### DATA BELOW:
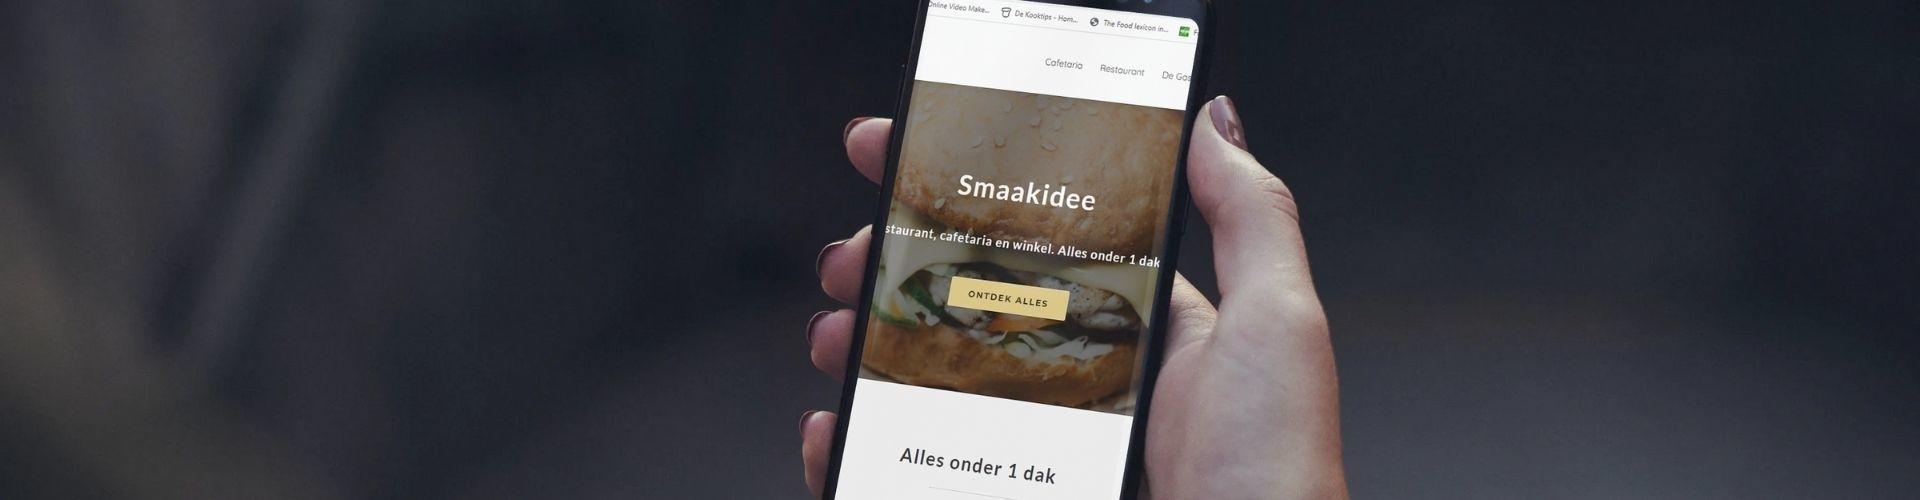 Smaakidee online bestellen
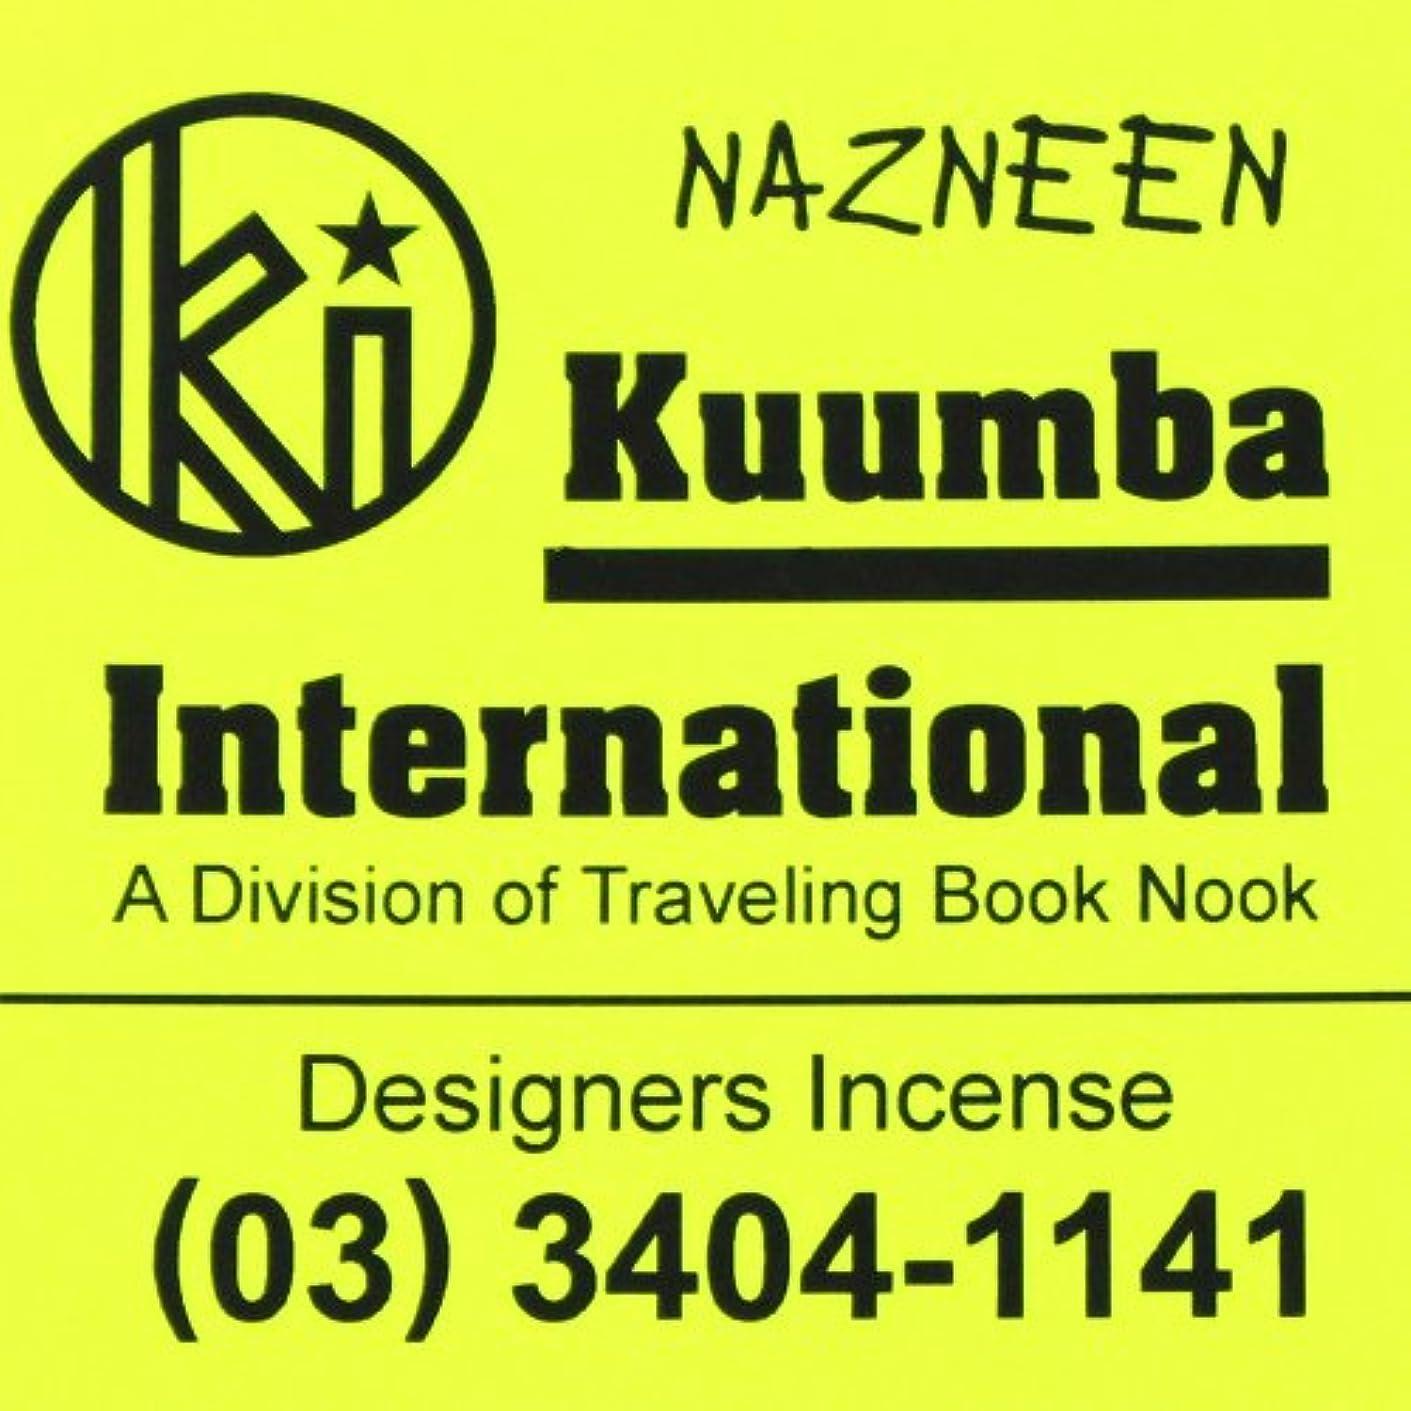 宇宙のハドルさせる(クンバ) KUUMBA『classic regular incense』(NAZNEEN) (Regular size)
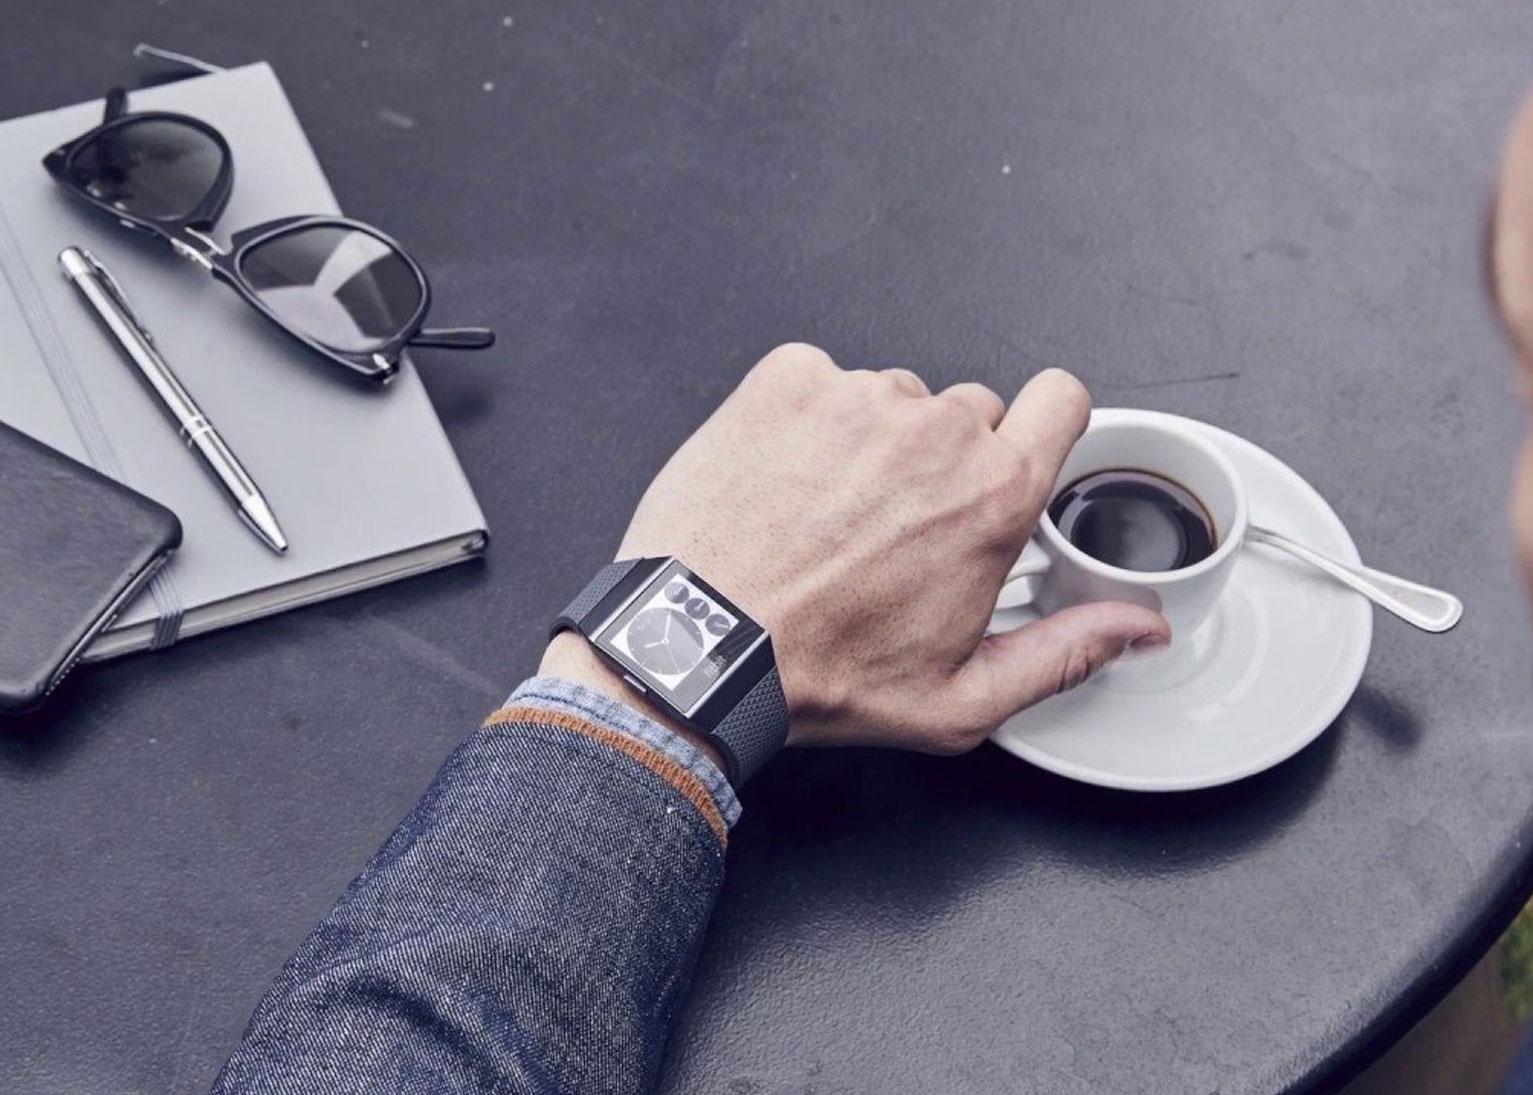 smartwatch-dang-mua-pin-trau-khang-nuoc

### WHAT NEEDS TO BE DONE:
The expected answer is the data retyped exactly, without pictures.

### WRITTEN REPLY:
 Smaakidee online bestellen
 宇宙のハドルさせる(クンバ) KUUMBA『classic regular incense』(NAZNEEN) (Regular size)
 smartwatch-dang-mua-pin-trau-khang-nuoc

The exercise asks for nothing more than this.